Bilder zu skalieren ist immer sehr teuer.
Ausserdem hab ich schon nach diesem Snippet den Verdacht das du übelsten Foobar mit Graphics Objekten machst...


----------



## para_ (4. Aug 2007)

hm? was meinst du ich mach foobar mit graphics objekten? 

change tile wird aufgerufen wenn ich mit der maus klicke bzw dragge

die schlechte performance lag daran dass ich die gesamte map nochmal skaliere, was garnicht sein muss, war mein fehler

trotzdem würd mich intressieren was du meintest :$ würds gern besser machen


----------



## Marco13 (4. Aug 2007)

Die Zeile
Graphics g = map.getGraphics(); 
ist ein starkes Indiz für einen bekannten Fehler: 

Vielleicht auch noch ein paar weitere Erklärungen dazu
http://java.sun.com/products/jfc/tsc/articles/painting/
("Good Painting Code Is the Key to App Performance" :wink: )


Und hier noch das (recht ausführliche) foreneigene Tutorial:
http://www.java-forum.org/de/viewtopic.php?p=278630&highlight=#278630

Die Quintessenz ist: ALLES was jemals gezeichnet wird, muss in paintComponent gezeichnet werden (bzw. in Methoden, die von paintComponent aus aufgerufen werden).

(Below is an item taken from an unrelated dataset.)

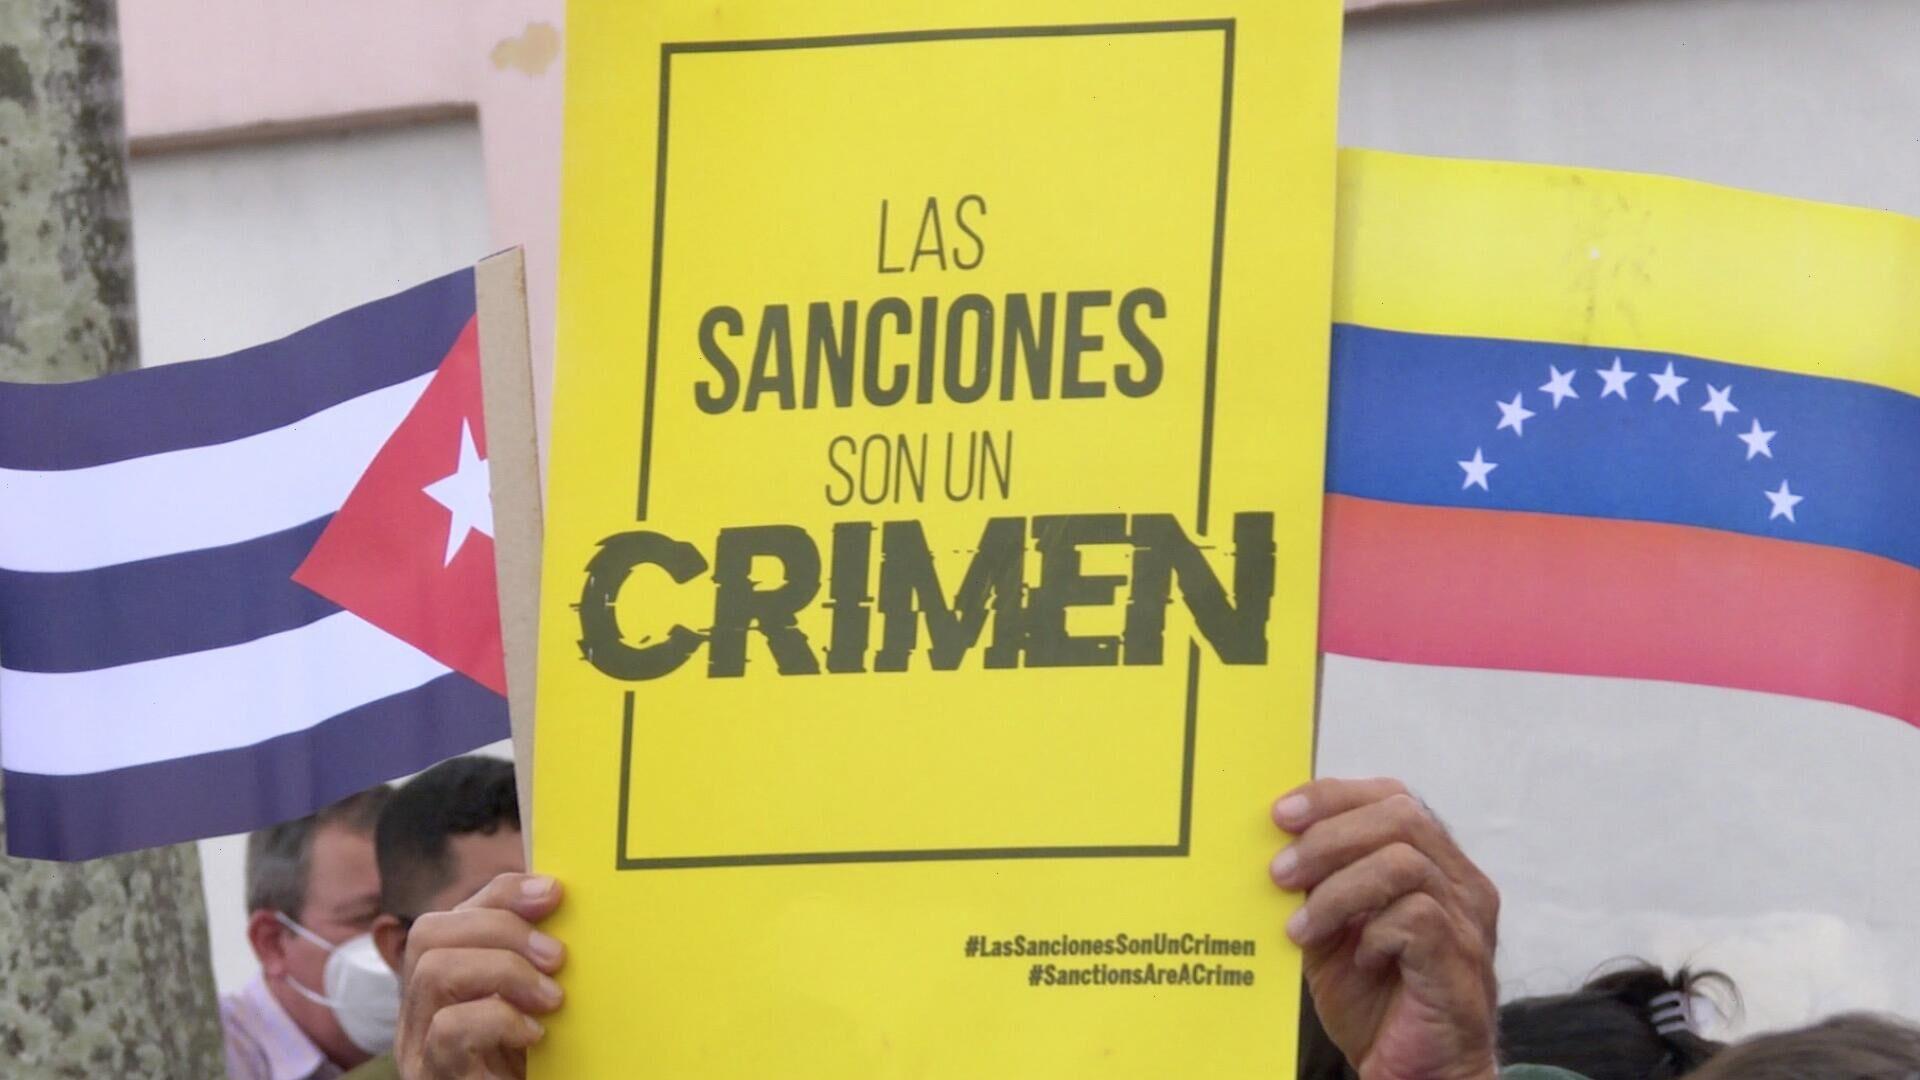 Aplican a Cuba la misma receta que a Venezuela y Nicaragua, denuncian militantes venezolanos - Sputnik Mundo, 1920, 12.07.2021

Man sollte also *NIE getGraphics aufrufen!!!* (das kann man nicht deutlich genug sagen :wink: ).


----------



## para_ (4. Aug 2007)

ok danke  dann schau ich mir die erklärungen und tutorials an, ich dachte nur weil das BufferedImage map ja nicht angezeigt wird wenn draufgemalt wird kann ichs ja machen


----------



## Marco13 (4. Aug 2007)

*Kommando zurück! Man darf DOCH getGraphics aufrufen!*

Aber NUR, wenn es auf einem BuffereImage aufgerufen wird. Die Klasse "Component" hat auch eine Methode getGraphics, und die sollte man NICHT aufrufen. Auf einem BufferedImage ist getGraphics vollkommen in Ordnung. (Sorry,ich hatte nur gesehen, dass die Klasse "Map" heißt, und bin davon ausgegangen, dass es eine Component ist - dass die Klasse Map aber ein Field "map" enthält, das ein BufferedImage ist, hatte ich übersehen   )
[/u][/b]


----------



## Wildcard (4. Aug 2007)

Marco13 hat gesagt.:
			
		

> *Kommando zurück! Man darf DOCH getGraphics aufrufen!*
> 
> Aber NUR, wenn es auf einem BuffereImage aufgerufen wird.


Auch in BufferedImage ist die nur zur Abwärtskompatibilität. Stattdessen createGraphics aufrufen.


----------